Spycraft - Melton [35]
Russell, who lived for operations, was also one of a handful of senior case operations officers of his generation who understood the potential advantage technology could give to operations. “When you went to one of Russell’s stations overseas, you saw good technical skills meshing with ops. He really sucked the techs dry in terms of wanting to know what they could provide and how it was going to happen,” said one TSD veteran. “A lot of station chiefs literally didn’t want to know that ‘tech stuff,’ but Russell wanted to know it all.”
Over the next four years, the Russell-Gottlieb-Krueger team proved to be an inspired, if unlikely, trio. This combination of a case officer with no scientific experience, a scientist of limited operational experience, and an engineer steeped in Big Technology programs would transform TSD. Eventually, this new organization would play a major role in nearly every significant CIA operation for the remainder of the twentieth century.

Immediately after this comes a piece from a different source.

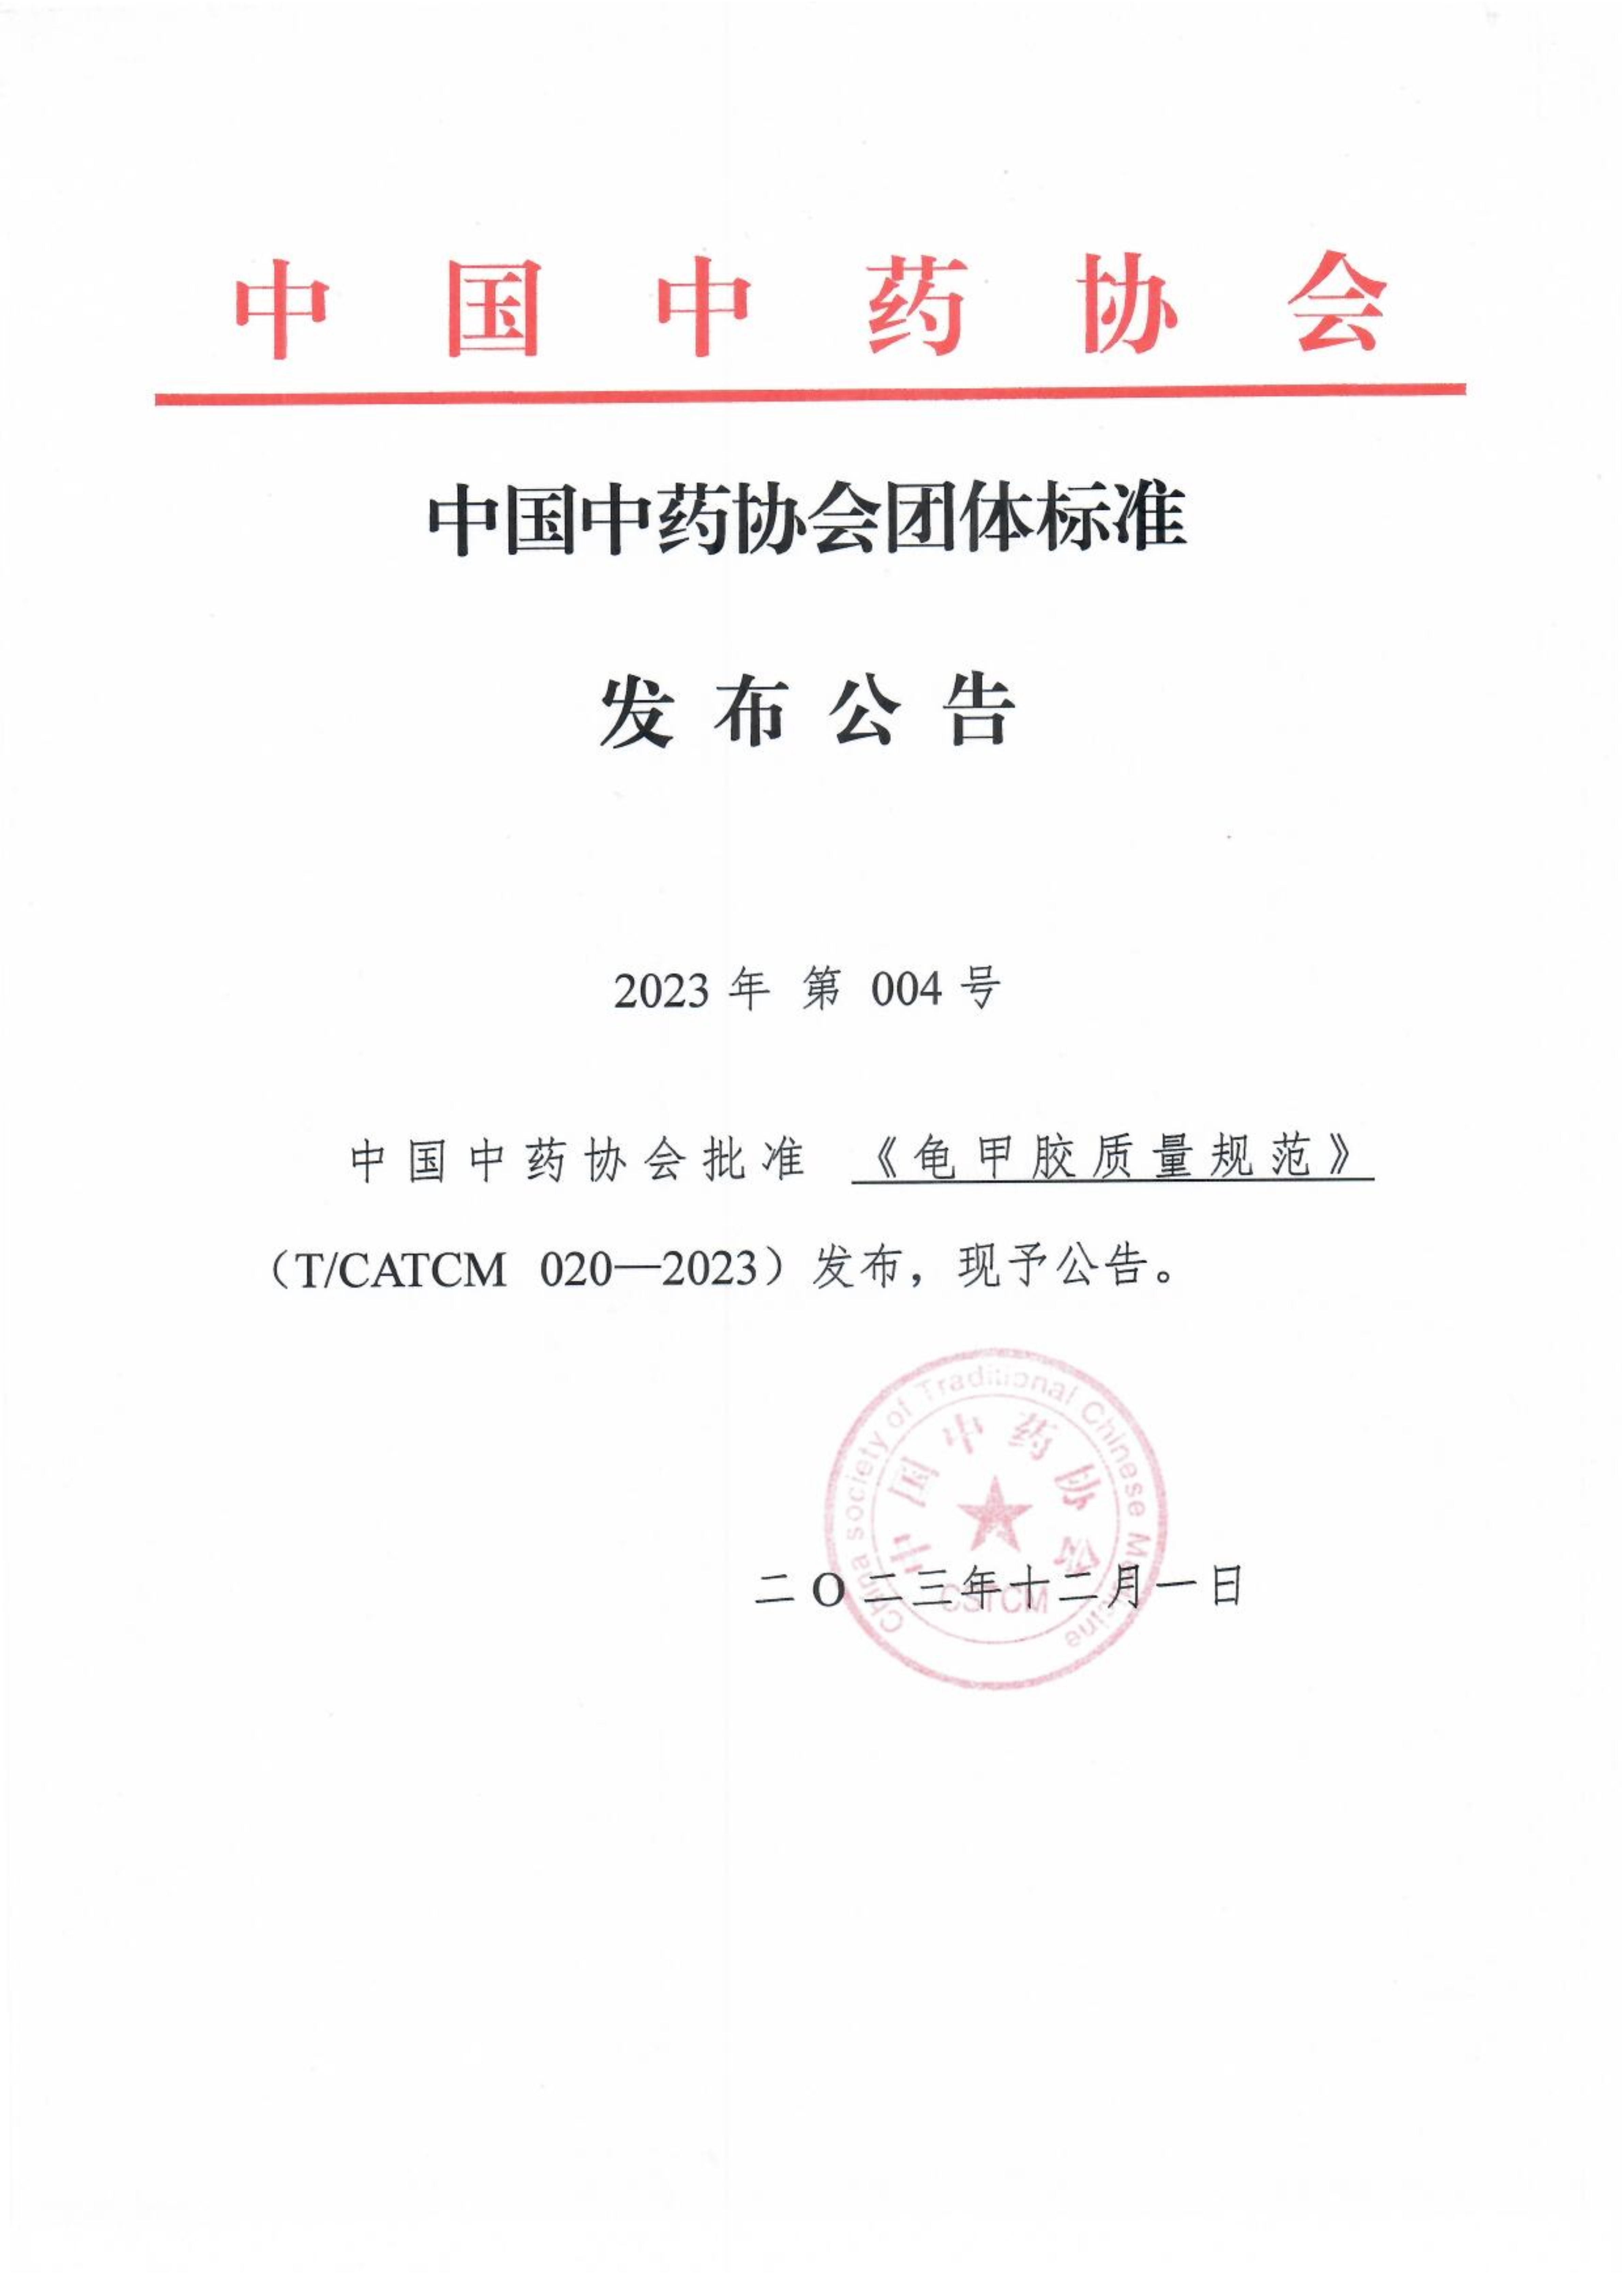 23.12.1 中国中药协会团体标准发布公告—《龟甲胶质量规范》_1.jpg
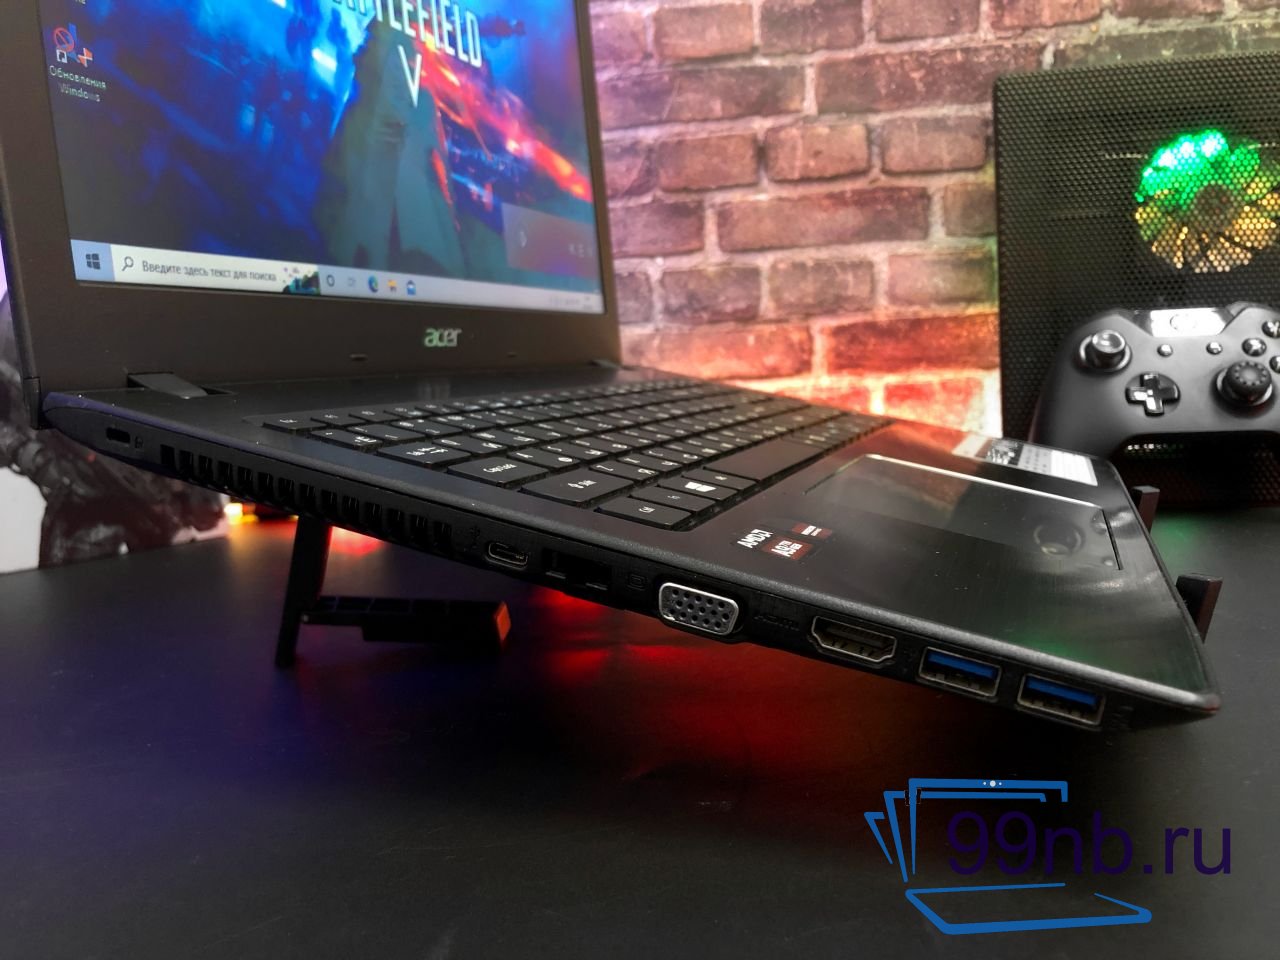  Ноутбук Acer Aspire для облачного гейминга + SSD

Russell wasted no time in exerting his influence on TSD. He conveyed a sense of operational reality and urgency that made the case officer’s concerns for recruiting and handling spies a concern for his engineers, while daily advances in technology began to influence his vision of operations.
However, Russell and TSD faced a problem unrelated to technology, that of the tightly compartmented world of the Agency itself. Although TSD was a “global division,” its technical officers were rarely privy to the details or scope of the operations they supported. Compartmentation sealed off all but the basic facts of an operation to anyone who did not have an absolute need to know. This constraint was of little consequence if the requirement was to secretly photograph a document or prepare a dead drop container. However, with more sophisticated and flexible technology becoming available, the more the techs knew, the better they could match TSD expertise and technology to the operation.
“This was a place where compartmentation and need to know were at odds,” said one case officer. “To perform the task perfectly the tech should know everything. But in our world the techs weren’t allowed to know everything. Compartmentalization is a necessary fact of life.”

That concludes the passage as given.